I understand that coaxial cable does not radiate much energy because
symmetric opposing current sheets in the outer skin of the center
conductor and the inner skin of the shield essentially balance each
other.
Suppose I route coax through a strong DC magnetic field, such as in an
MRI, with the magnetic field perpendicular to the cable axis. Will the
current distribution in the center conductor then become biased "up"
with respect to the field (right hand rule), and the current
distribution in the shield then become biased "down," thereby
destroying symmetry?
If so, will the coax then radiate and become lossy?

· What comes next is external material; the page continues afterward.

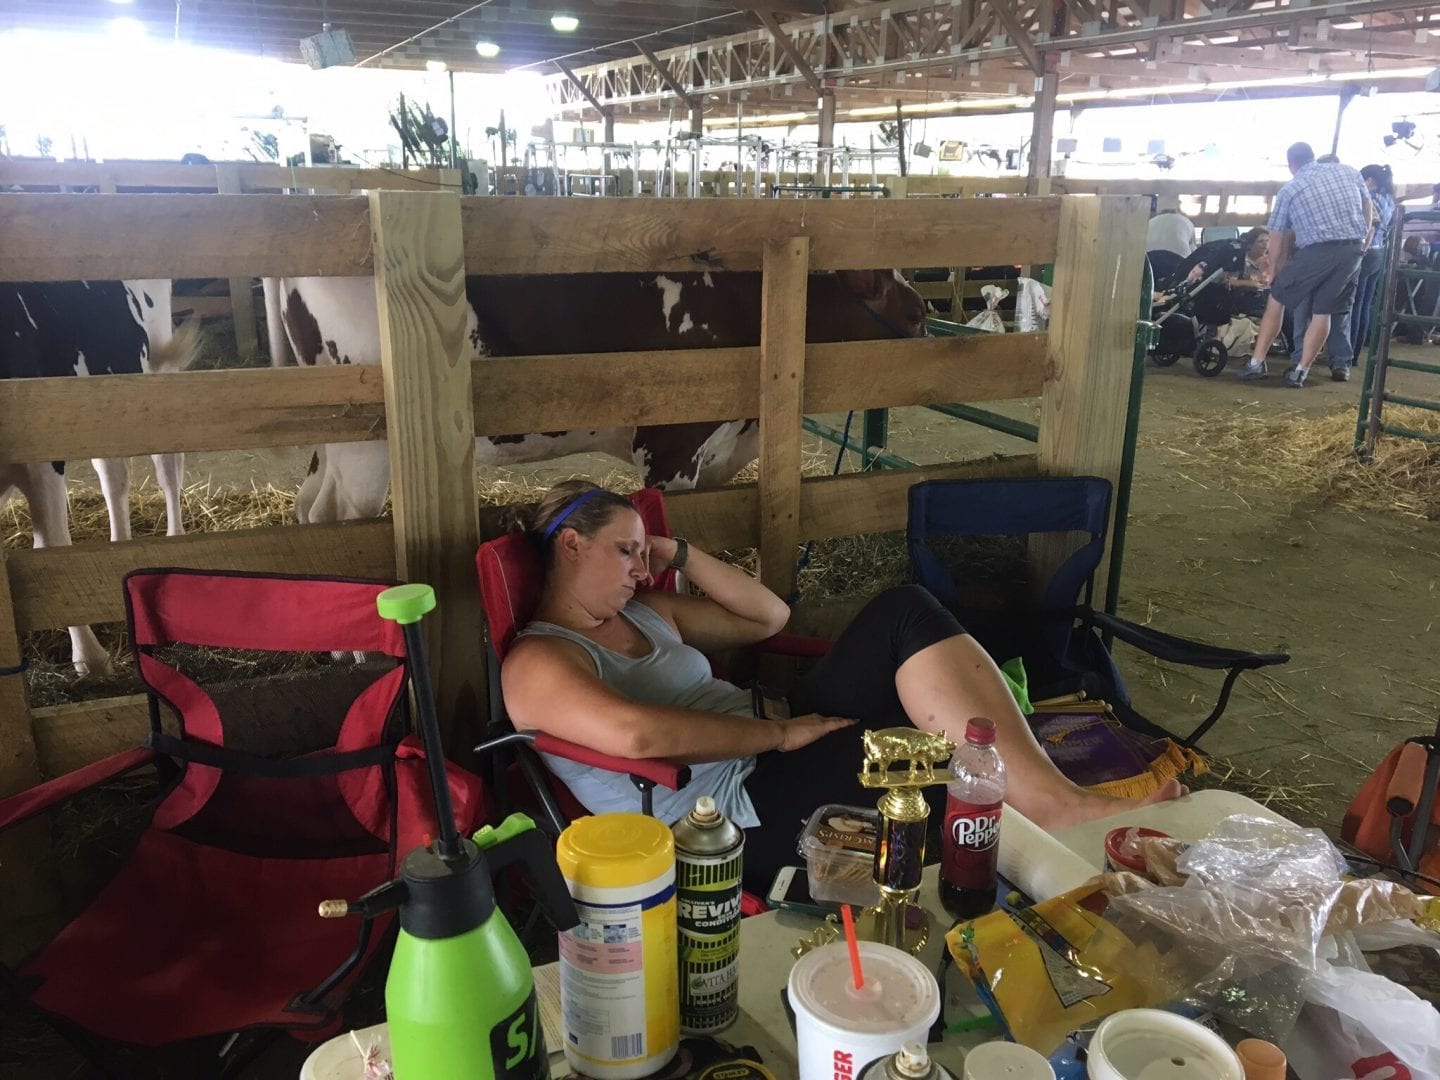 What you need to have at a livestock show or county fair?

Can anyone point me to an analysis of this problem?
analyze this way...
if the current in the coax is AC then each half cycle the electron flow
reverses so the forces would reverse, and since the actual electron velocity
is relatively low there would not be enough time for the electrons to really
move before the current reversed and they had to go the other direction. so
i would say that it would be unlikely to have any effect on coax carrying
AC. now, if you go to very low frequencies where the electrons have a
chance to move you might be able to measure something, but since the
wavelength increases with the lower frequency the relative size of any
imbalance becomes smaller. and essentially if it did completely separate
you still end up with balanced currents but in a twin lead arrangement and
you still have currents that cancel at any distance away from the line.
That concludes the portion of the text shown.